Created attachment 1462233 [details] COSbench ioWorkload run for 24 hours Description of problem: Storage workload DFG is seeing reduced performance and much longer client latencies since upgrading a ceph cluster from RHCS 2.5 to RHCS 3.1 Version-Release number of selected component (if applicable): RHCS 2.5 --> RHCS 3.1 (12.2.5-32.el7cp) downloaded from http://download.eng.bos.redhat.com/composes/auto/ceph-3.1-rhel-7/RHCEPH-3.1-RHEL-7-20180712.ci.2/ Actual results: Same I/O workload applied for 24 hours on RHCS 2.5 and on RHCS 3.1 (after upgrade) is running slower now. Expected results: Same workload would hopefully be running faster on RHCS 3.1 Additional info: dug into the COSbench CSV files for the two runs on the upgrade cluster, w74 (rhcs2.5) and w75 (rhcs3.1) I calculate the average latencies for the first hour of each run as well as the average latencies for the final hour of each run, for each of the four operations (read, list, write and delete). W74 (RHCS2.5) READ: first hour average = 470ms last hour = 529ms LIST: first hour average = 46ms last hour = 64ms WRITE: first hour average = 1680ms last hour = 2723ms DELETE: first hour average = 143ms last hour = 136ms W75 (RHCS3.1) READ: first hour average = 1067ms last hour = 3512ms LIST: first hour average = 80ms last hour = 5652ms WRITE: first hour average = 708ms last hour = 13133ms DELETE: first hour average = 111ms last hour = 2558ms Other than writes in the first hour, the RHCS 2.5 cluster is outperforming the upgraded RHCS 3.1 cluster. >> Look at degradation from first to last hour on all operations for RHCS 3.1
Created attachment 1462252 [details] perf graphs of RHCS25 run
Created attachment 1462259 [details] perf graphs of RHCS31 run
(In reply to John Harrigan from comment #4) > Created attachment 1462259 [details] > perf graphs of RHCS31 run Observe how the perf tanbks around sample #16500, which is roughly 22hours into the runtime.
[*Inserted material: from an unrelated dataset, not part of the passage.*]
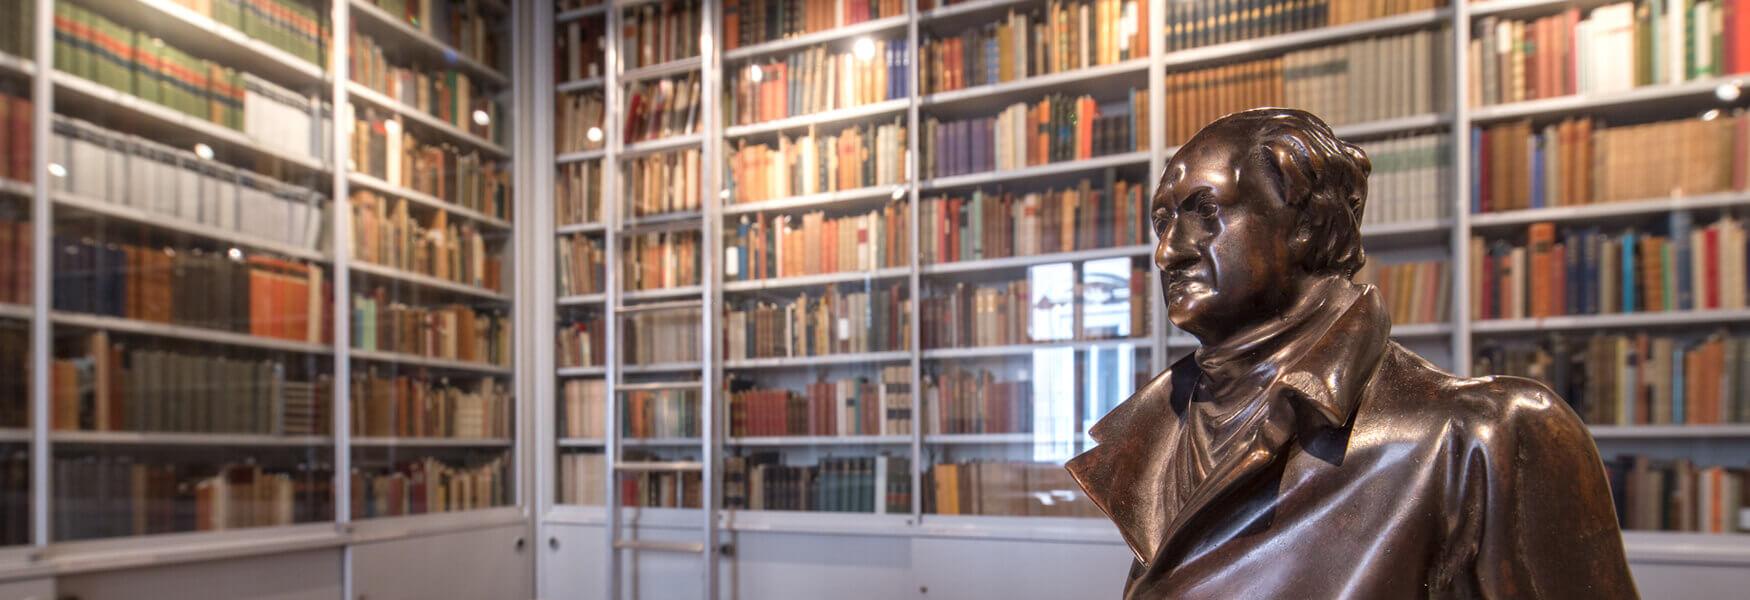 Casa di Goethe Bibliotheken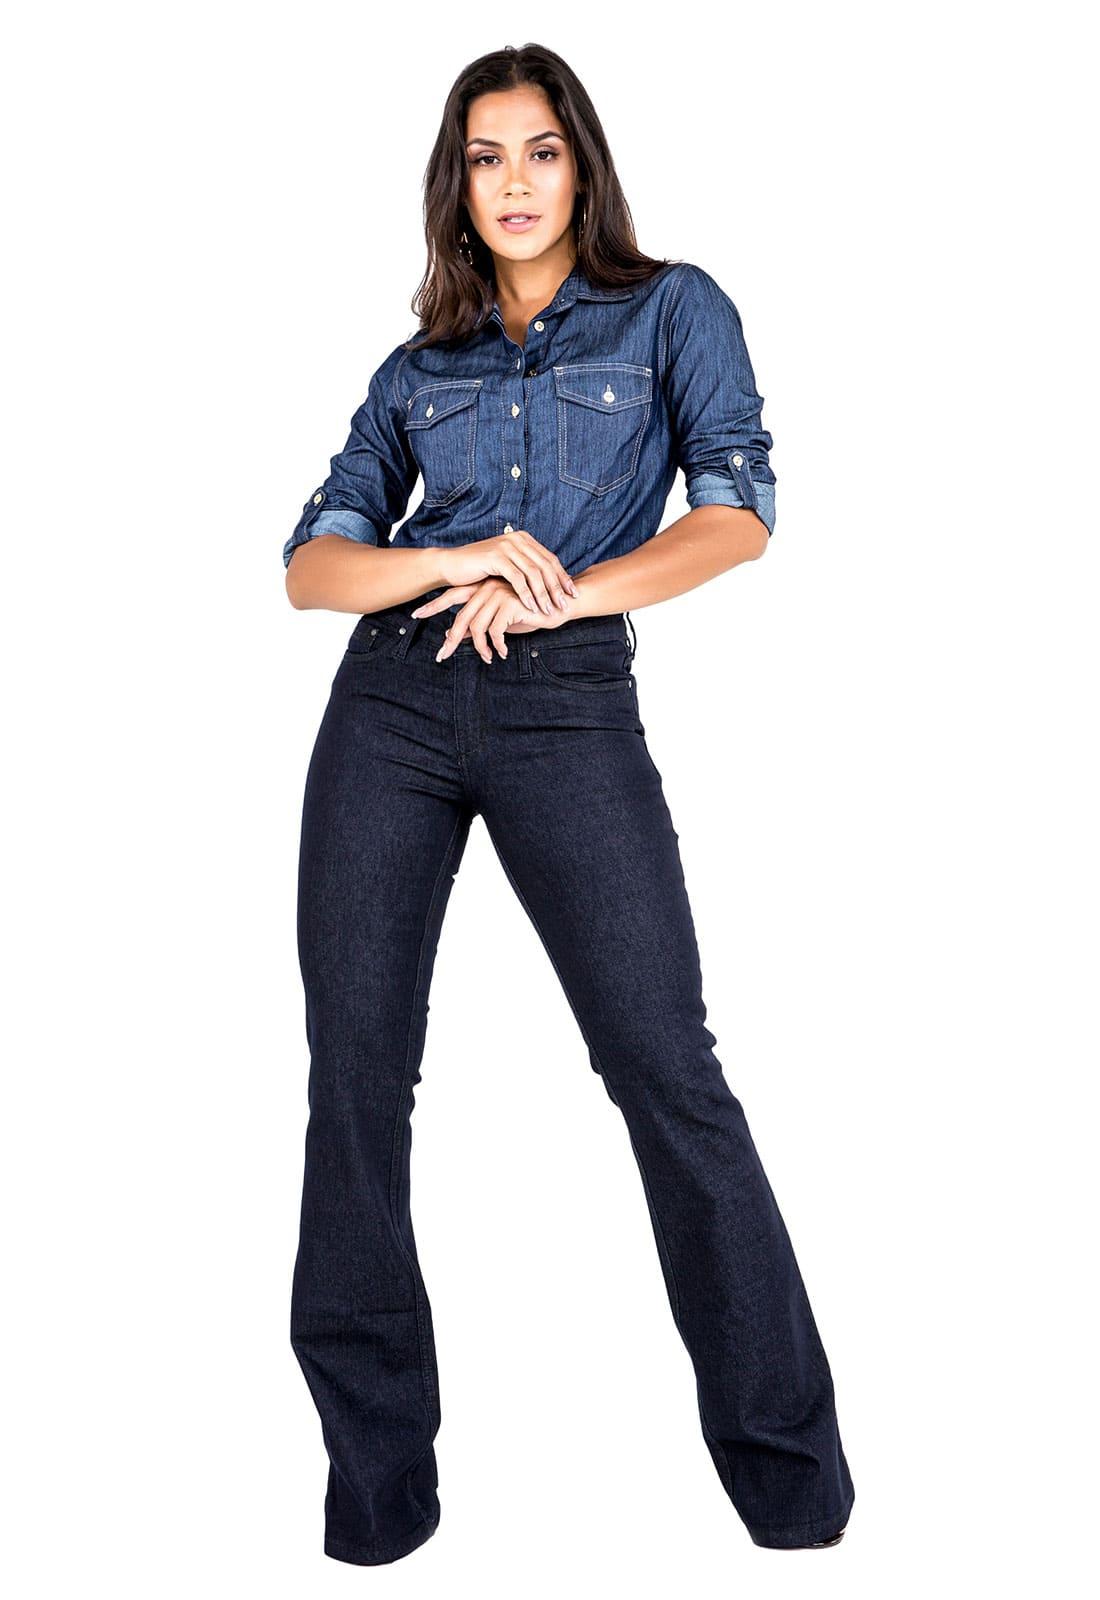 Calça Feminina Flare Tradicional Jeans

(In reply to John Harrigan from comment #0) > Created attachment 1462233 [details] > COSbench ioWorkload run for 24 hours > > Description of problem: > Storage workload DFG is seeing reduced performance and much longer client > latencies since upgrading a ceph cluster from RHCS 2.5 to RHCS 3.1 > > Version-Release number of selected component (if applicable): > RHCS 2.5 --> RHCS 3.1 (12.2.5-32.el7cp) downloaded from > http://download.eng.bos.redhat.com/composes/auto/ceph-3.1-rhel-7/RHCEPH-3.1- > RHEL-7-20180712.ci.2/ > > Actual results: > Same I/O workload applied for 24 hours on RHCS 2.5 and on RHCS 3.1 (after > upgrade) is running slower now. > > Expected results: > Same workload would hopefully be running faster on RHCS 3.1 > > Additional info: > dug into the COSbench CSV files for the two runs on the upgrade cluster, w74 > (rhcs2.5) and w75 (rhcs3.1) > I calculate the average latencies for the first hour of each run as well as > the average latencies for the final hour of each run, for each of the four > operations (read, list, write and delete). > > W74 (RHCS2.5) > READ: first hour average = 470ms last hour = 529ms > LIST: first hour average = 46ms last hour = 64ms > WRITE: first hour average = 1680ms last hour = 2723ms > DELETE: first hour average = 143ms last hour = 136ms > > W75 (RHCS3.1) > READ: first hour average = 1067ms last hour = 3512ms > LIST: first hour average = 80ms last hour = 5652ms > WRITE: first hour average = 708ms last hour = 13133ms > DELETE: first hour average = 111ms last hour = 2558ms > > Other than writes in the first hour, the RHCS 2.5 cluster is outperforming > the upgraded RHCS 3.1 cluster. > >> Look at degradation from first to last hour on all operations for RHCS 3.1 The final paragraph should state: During the first hour of runtime, 3.1 outperforms 2.5 on write and delete operations but is slower on read and list. The reduction in 3.1 performance from the first to the last hour is dramatic. About 22 hours into the run the 3.1 performance drops hard.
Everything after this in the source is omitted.